问题描述
我正在尝试获得[0 ... n-1]
范围内的模n(0
idiv n
指令将EDX:EAX(64位)除以n和树叶
EAX =商,EDX =余数. (n
是我的代码中的寄存器)
我的问题是,当EDX:EAX的内容为负数时,我在EDX中得到的结果为负数.
我找到的最简单的解决方案是:
cdq ; extend EAX sign bit to EDX
idiv n ; edx = (possibly neg.) remainder
add edx, n
mov eax, edx ; eax = remainder + n
cdq
idiv n ; edx = positive remainder
是否有更清洁/更轻松/更快捷的方法来获得正余数?
产生非负模数的除法称为欧几里得分裂.
有关C实现和更多背景信息,请参见计算机科学家的部门和模量. (也相关:"mod"和"remainder有什么区别"?).
这是一个特例,我们知道除数为正,这允许Ped7g建议更快的实现.它可能是最佳的,或者至少接近它.
有趣的是,我们可以用C编写与Ped7g手写版本相同的asm(或接近),具体取决于gcc与clang的方式.看到它在Godbolt编译器浏览器上.
// https://stackoverflow.com/questions/40861023/how-do-i-get-a-positive-modulo-on-a-negative-dividend
// uses unsigned carry to detect when a negative 2's complement integer wrapped to non-negative
long modE_positive_divisor_2s_complement( long D, long d )
{
long r = D%d;
unsigned long tmp = (unsigned long)r + (unsigned long)d;
// detect carry by looking for unsigned wraparound:
// that means remainder was negative (not zero), so adding the (non-negative) divisor is what we need
r = (tmp < (unsigned long)r) ? (long)tmp : r;
return r;
}
使用clang3.9 -O3,我们得到:
mov rax, rdi
cqo
idiv rsi
add rsi, rdx
cmovae rsi, rdx
mov rax, rsi
ret
gcc6.2在CMOV之前使用了额外的CMP:(
在Godbolt上,我包括了原始的通用C函数以及一个告诉编译器采用正数d
(使用__builtin_unreachable()
)的版本.对于后者,gcc使用test rdx,rdx
/cmovs
进行条件加.
对于32位和64位long
(使用EAX代替RAX等),它的工作原理相同,因此,如果您关心性能并且不需要64位整数,请使用int32_t
. (idiv r64
比idiv r32
慢得多.)
I am trying to get a modulo-n (0 < n) in the range [0 ... n-1]
.
The instruction idiv n
divides EDX:EAX (64 bits) by n, and leaves
EAX=quotient, EDX=remainder. (n
is a register in my code)
My problem is that when the content of EDX:EAX is negative, I get a negative result in EDX.

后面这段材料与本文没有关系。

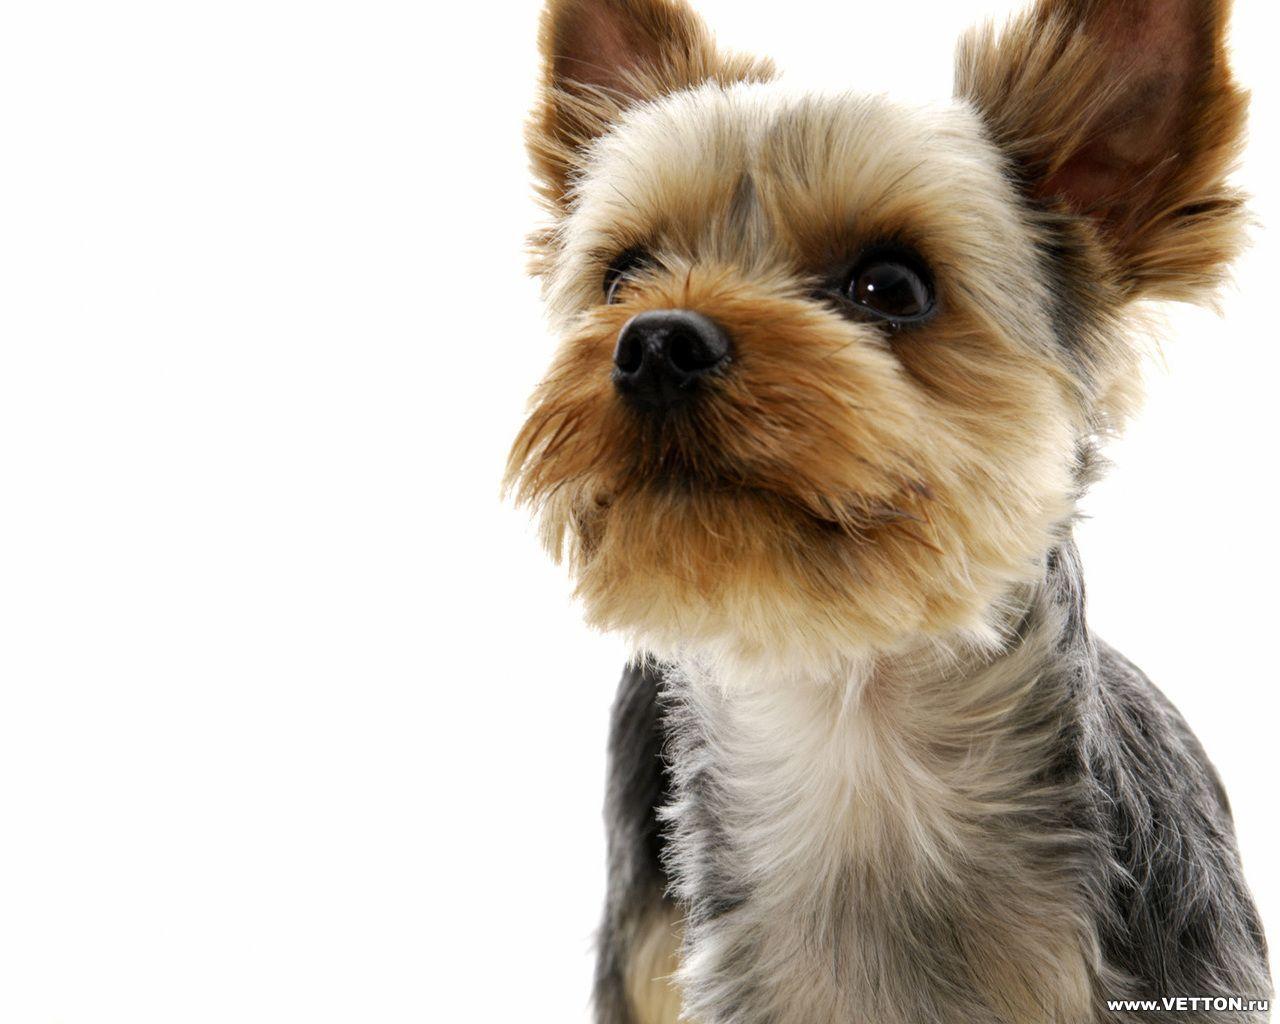 23126 скачать обои Животные, Собаки - заставки и картинки бесплатно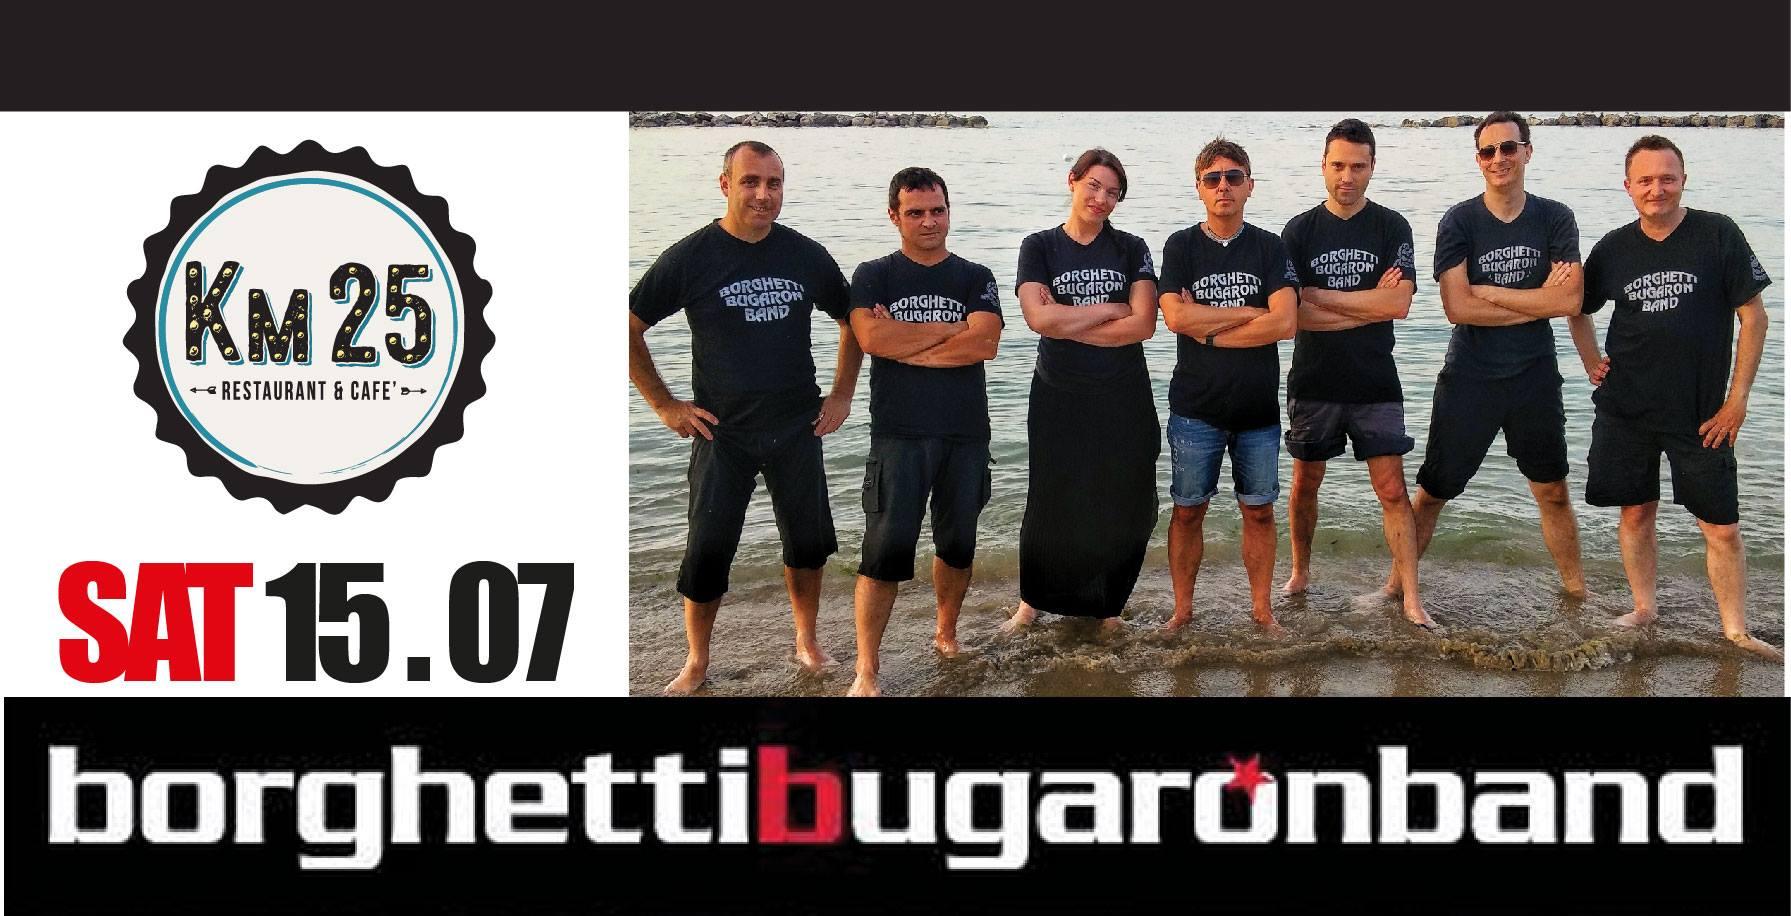 Borghetti Bugaron Band live al Km 25

The simplest solution I found was:
cdq ; extend EAX sign bit to EDX
idiv n ; edx = (possibly neg.) remainder
add edx, n
mov eax, edx ; eax = remainder + n
cdq
idiv n ; edx = positive remainder
Is there a cleaner/easier/quicker way to get the positive remainder?
The kind of division that produces a non-negative modulo is called Euclidean division.
For C implementations and more background, see Division and Modulus for Computer Scientists. (also related: What's the difference between "mod" and "remainder"?).
This is a special case, where we know the divisor is positive, which allows the faster implementation suggested by Ped7g. It's probably optimal or at least close to it.
Interestingly, we can write it in C in a way that compiles to the same asm as Ped7g's hand-written version (or close to it, depending on gcc vs. clang). See it on the Godbolt compiler explorer.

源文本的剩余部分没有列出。